Note that try to create 2 additional attributes dosage and dosage_unit.

In [35]:
event3 = Event(
    event_type="PRESCRIPTIONS",
    code="00069153041",
    vocabulary="NDC",
    visit_id="130744",
    patient_id="103",
    timestamp=datetime.fromisoformat("2019-08-12 00:00:00"),
    dosage = "250mg",
)

event3.attr_dict

{'event_type': 'PRESCRIPTIONS', 'dosage': '250mg'}

In [36]:
print(event3)

Event from patient 103 visit 130744:
	- Code: 00069153041
	- Table: None
	- Vocabulary: NDC
	- Timestamp: 2019-08-12 00:00:00
	- event_type: PRESCRIPTIONS
	- dosage: 250mg


# Understanding the Patient Class in PyHealth

## Patient Class

The `Patient` class in PyHealth represents an individual patient with their associated clinical data.

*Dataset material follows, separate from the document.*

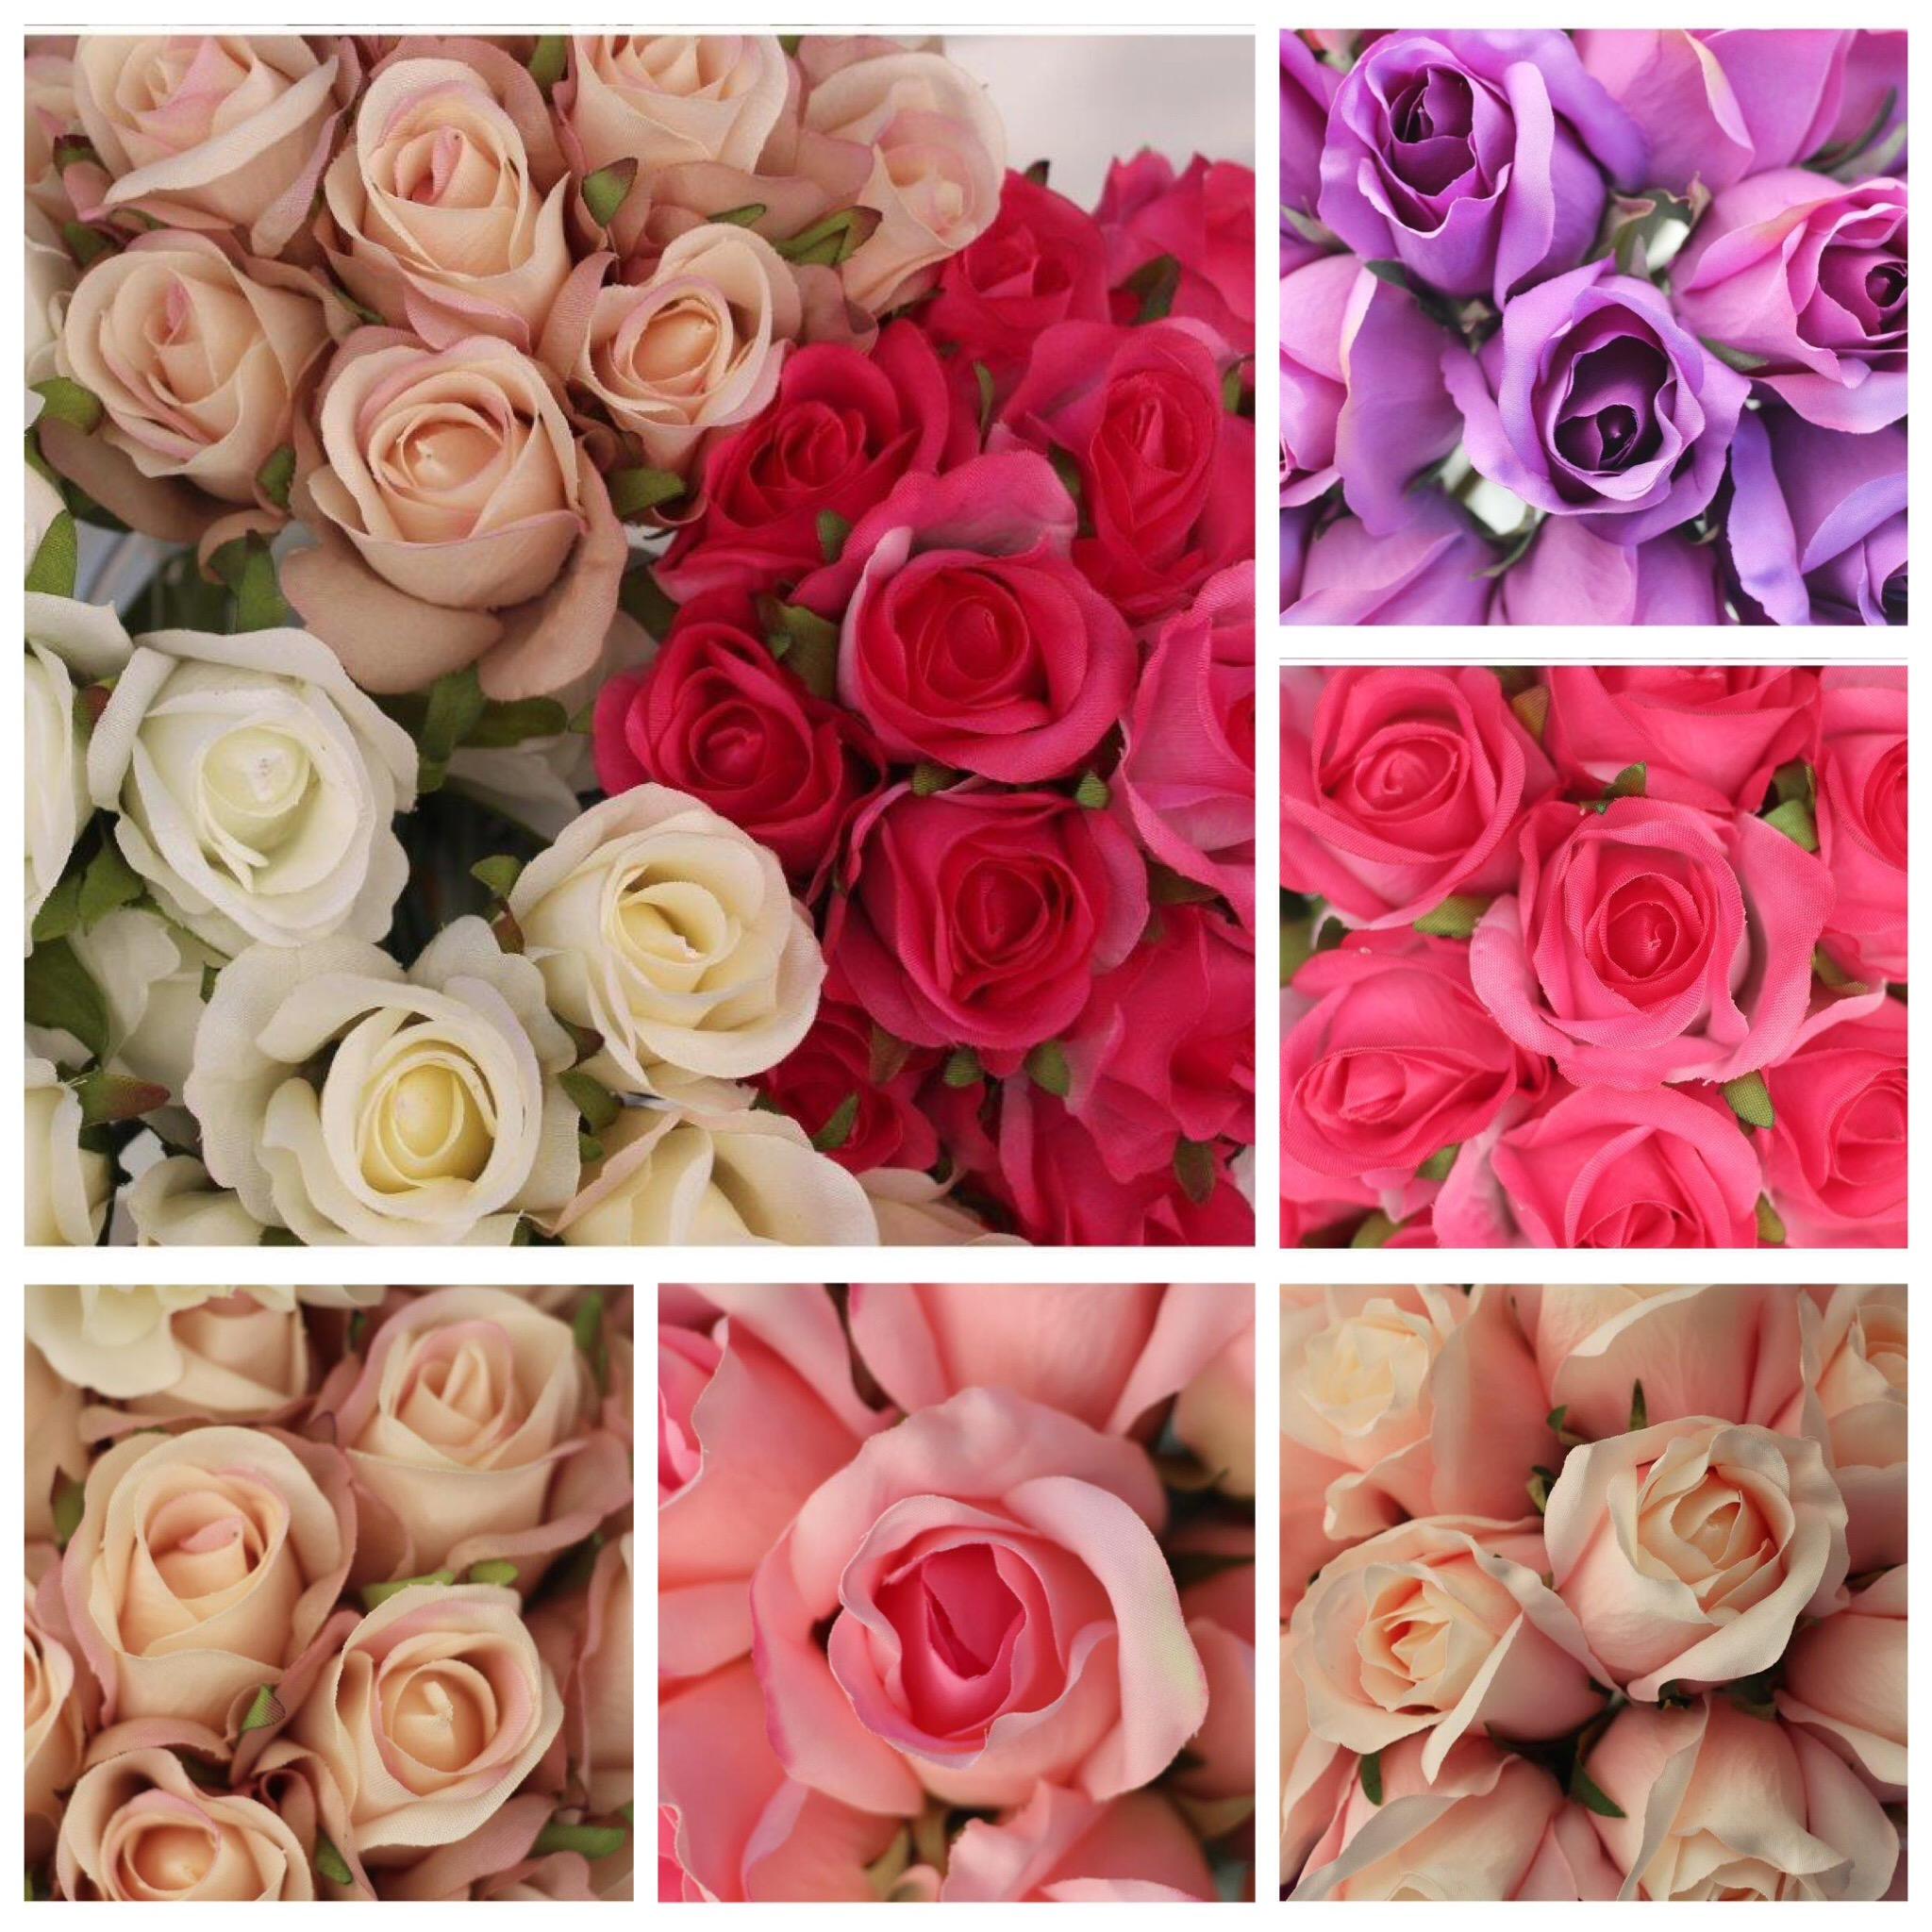 Stunning Roses Flowers Forever Perth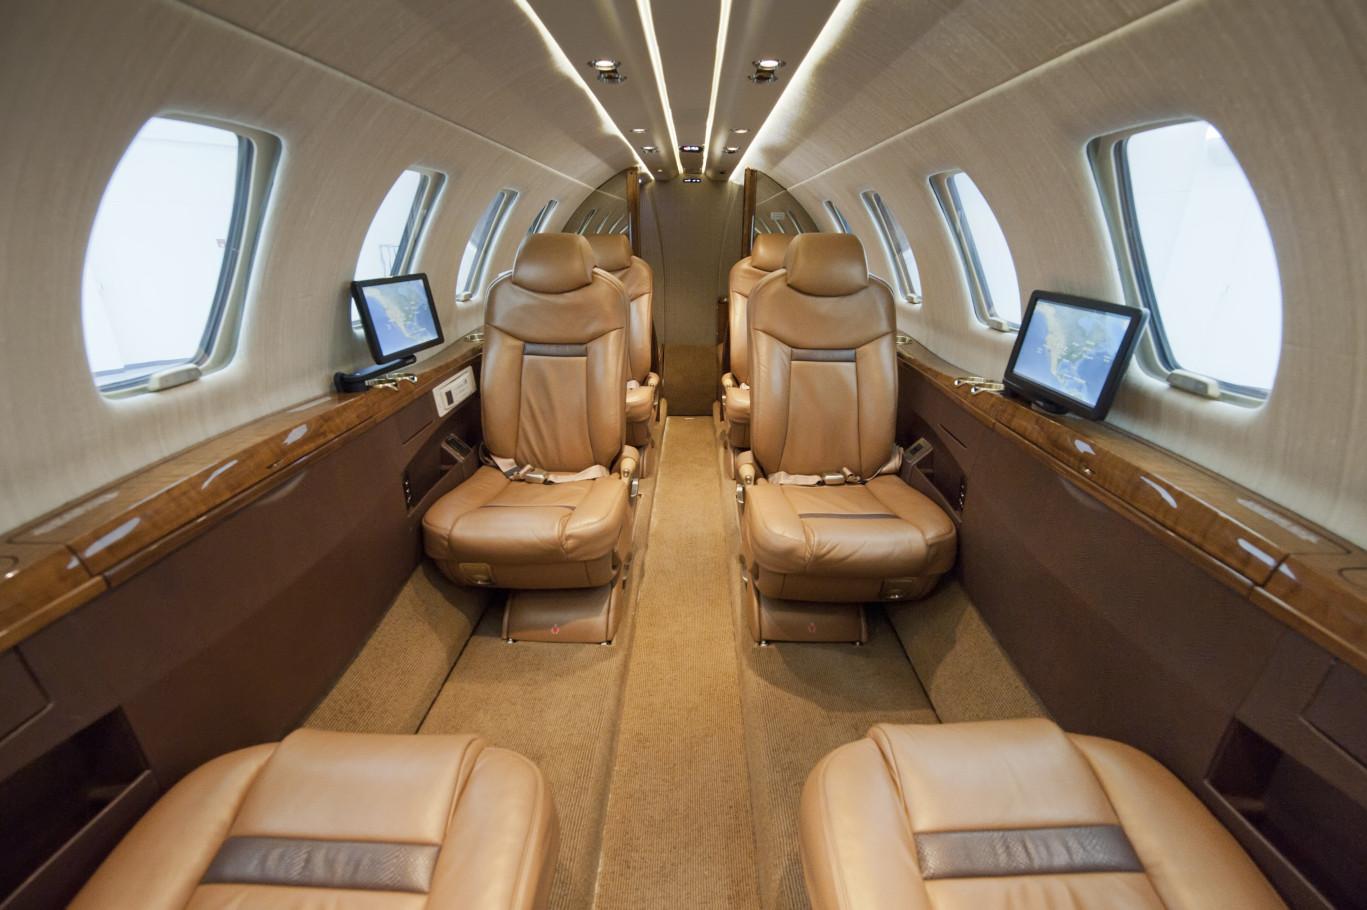 Citation_CJ4_DARK_TAN_Light-Jet_Legacy_Aviation_Private_Jet_NetJets_Jet_Charter_TEB_VNY_MIA_PBI_FRG_SFO_FLL_FXE_BED.jpg

It serves as a container for organizing events and visits related to a single patient.

### Required Arguments

- `patient_id`: str
  - Unique identifier for the patient
  - This is **required** to instantiate a Patient object

### Data Source Argument

- `data_source`: polars.DataFrame
  - DataFrame containing all events related to this patient
  - Contains columns for "patient_id", "event_type", "timestamp", and event-specific attributes

### Methods

#### get_events()

Retrieves events with optional filtering by type and time range:
```
def get_events(
    self,
    event_type: Optional[str] = None,
    start: Optional[datetime] = None,
    end: Optional[datetime] = None,
    filters: Optional[List[tuple]] = None,
    return_df: bool = False
) -> Union[pl.DataFrame, List[Event]]
```

In [45]:
from pyhealth.data import Patient
import polars as pl
from datetime import datetime, timedelta

# Create a Patient object
patient = Patient(
    patient_id="p001",
    data_source=pl.DataFrame({
        "patient_id": ["p001", "p001", "p001"],
        "event_type": ["DIAGNOSES_ICD", "DIAGNOSES_ICD", "PROCEDURES_ICD"],
        "timestamp": [datetime.now(), datetime.now(), datetime.now()],
        "DIAGNOSES_ICD/code": ["428.0", "401.9", None],
        "DIAGNOSES_ICD/vocabulary": ["ICD9CM", "ICD9CM", None],
        "PROCEDURES_ICD/code": [None, None, "39.61"],
        "PROCEDURES_ICD/vocabulary": [None, None, "ICD9CM"]
    })
)

In [39]:
dir(patient)

['__class__',
 '__delattr__',
 '__dict__',
 '__dir__',
 '__doc__',
 '__eq__',
 '__format__',
 '__ge__',
 '__getattribute__',
 '__getitem__',
 '__gt__',
 '__hash__',
 '__init__',
 '__init_subclass__',
 '__le__',
 '__len__',
 '__lt__',
 '__module__',
 '__ne__',
 '__new__',
 '__reduce__',
 '__reduce_ex__',
 '__repr__',
 '__setattr__',
 '__sizeof__',
 '__str__',
 '__subclasshook__',
 '__weakref__',
 'add_event',
 'add_visit',
 'attr_dict',
 'available_tables',
 'birth_datetime',
 'death_datetime',
 'ethnicity',
 'gender',
 'get_visit_by_id',
 'get_visit_by_index',
 'index_to_visit_id',
 'patient_id',
 'visits']

The simple idea around the new PyHealth 2.0 rework is that all data is just an event stream, and that patients are just a grouping mechanism of events within the stream.

In some sense, a dataset can be a list of patients, a patient is just a list of events. In other datasets, there might be no patients, and again just a list of events.

In our existing framework, an event is just a row within a table, a single image inside of an imaging dataset, etc.